Но Хосе на то и крестьянин, привычный ходить за плугом, воюя с сухой землей, он знает, что духу не победить материю, особенно если та принимает форму ручного пулемета MG34, знает, что нельзя сражаться, имея за душой три камня да идеал, пусть даже самый возвышенный, против хорошо обученной армии, оснащенной пушками, танками, бомбардировщиками, бронемашинами, артиллерийскими орудиями и прочей передовой техникой, предназначенной для ликвидации ближнего своего.

Что же до иностранцев, вливающихся в ряды республиканской армии, ставшей символом борьбы с фашизмом, он видит, как они позируют перед фотографами с винтовкой в руках или высоко поднятым в знак бунта кулаком, как кайфуют на солнышке на террасах кафе, упиваясь громкими словами с большой буквы и подобающими им эмоциями, или ухлестывают за guapas[108], нашептывая им piropos[109], принятые у них на родине. И он говорит себе с тяжелым сердцем, что их присутствие наверняка скорее символично, чем полезно (тут он вспоминает, что надо присматривать за сестрой, чего доброго, любой из этих красавчиков ее уболтает и обрюхатит, как нечего делать).

Все больше одолевает Хосе сомнение. Нет, пока он еще надеется, что можно вести параллельно революцию и войну. Еще надеется. Но что-то в его надежде постепенно дает трещину.

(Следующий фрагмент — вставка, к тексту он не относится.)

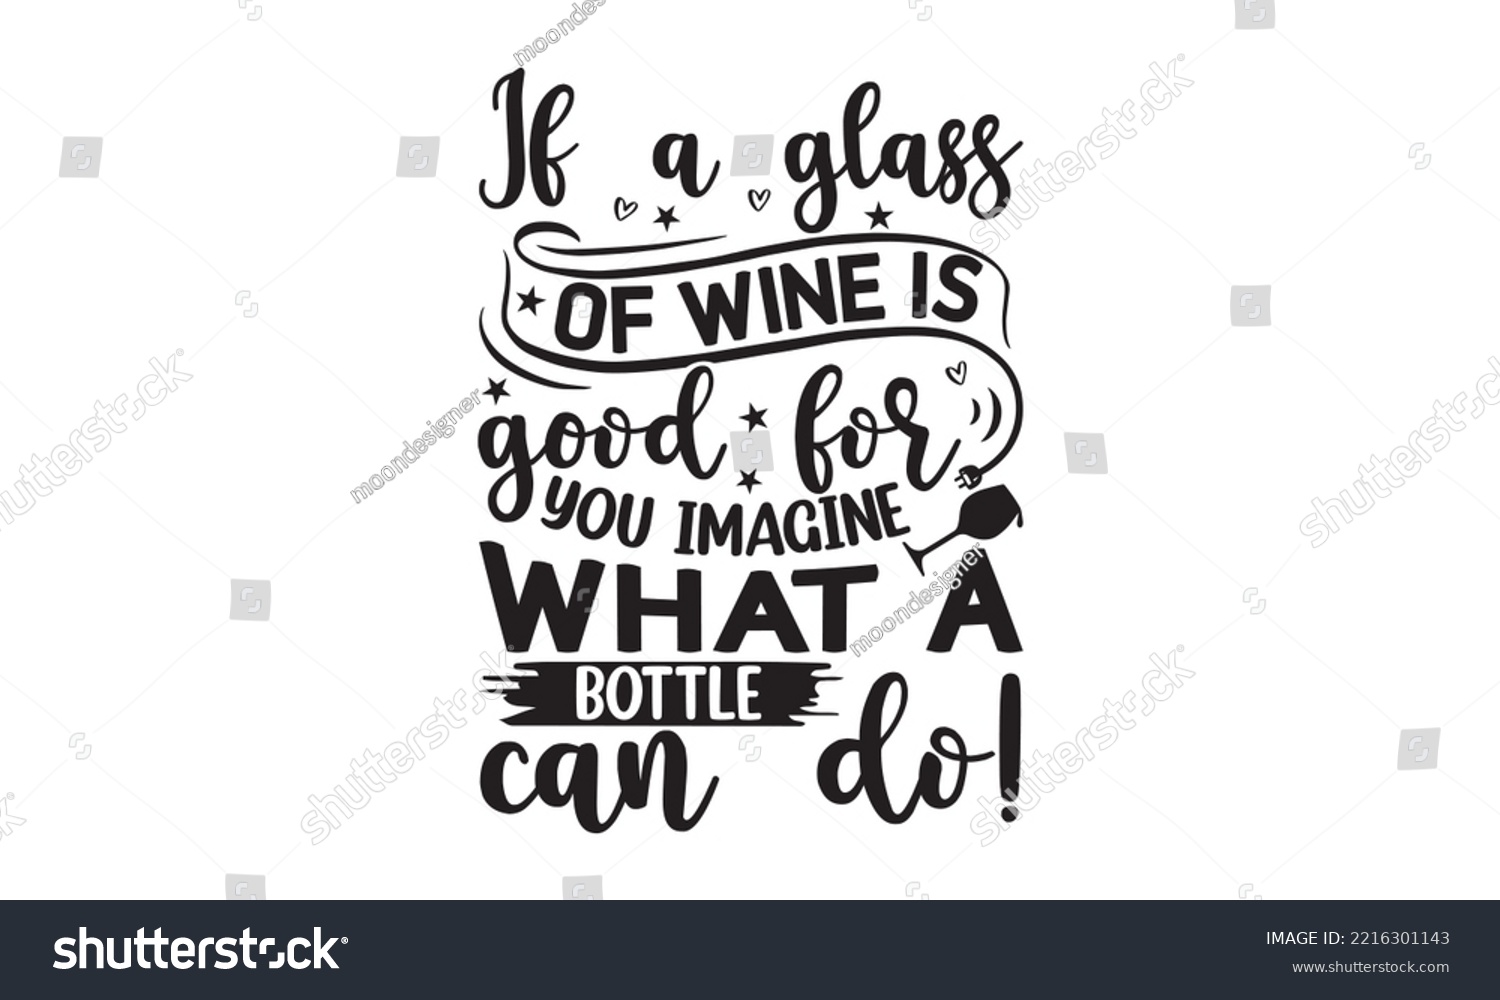 SVG of If a glass of wine is good for you imagine what a bottle can do! - Alcohol SVG T Shirt design, Girl Beer Design, Prost, Pretzels and Beer, Vector EPS Editable Files, Alcohol funny quotes, Oktoberfest svg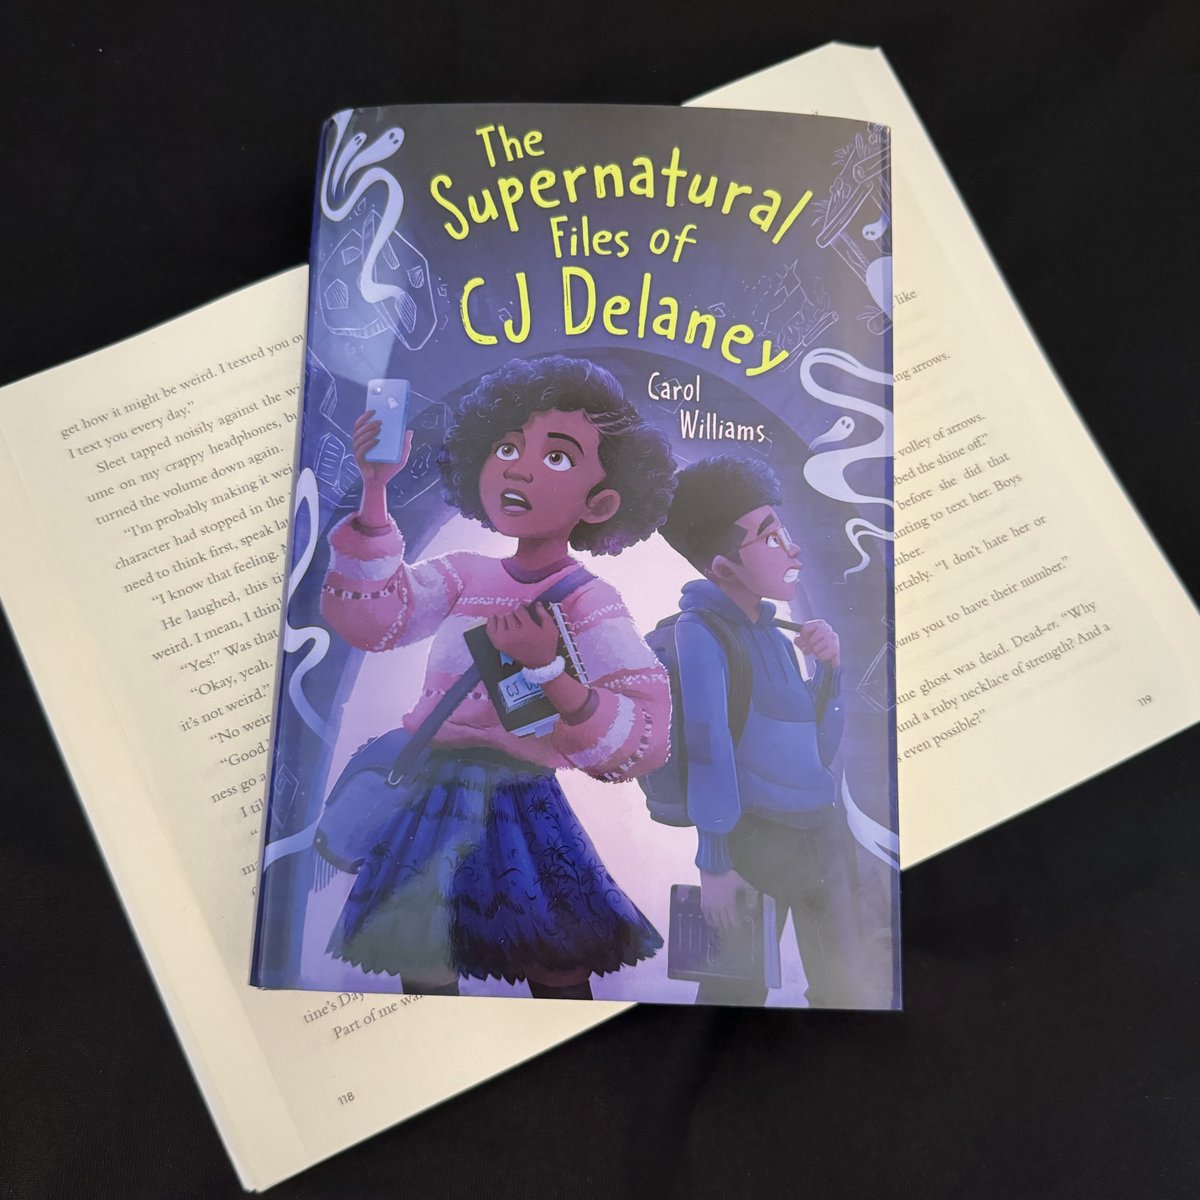 Happy book birthday to THE SUPERNATURAL FILES OF CJ DELANEY! This #mglit mystery about a girl saving her town from evil is on shelves today! ow.ly/qgB450RxFXh #bookbirthday

Он, так отчаянно мечтавший быть душой бунта, который до основания потрясет Историю, все чаще спрашивает себя, какого черта он здесь делает, глядя на проезжающие грузовики с молодыми людьми, предназначенными на убой, слушая, как русские агенты в круглых очочках предостерегают приезжих от злых козней анархических элементов, и ввязываясь в кафе в бесконечные распри между анархистами и коммунистами, где каждый до хрипоты ищет виновных в лагере противника, каждый находится в плену очевидности, бесспорной для одних и лживой для других, и базарные склоки, которых он навидался в своей деревне, повторяются здесь точь-в-точь.

Но еще сильнее зарождающегося сомнения в шансах республиканской армии на победу мучит его мысль, что он оставил отца одного на полевых работах. И как в июле непреодолимая сила толкала его прочь из деревни, теперь такая же сила тянет его назад, к родителям, к которым он привязан крепкими узами, хоть что это за узы, сам бы затруднился сказать.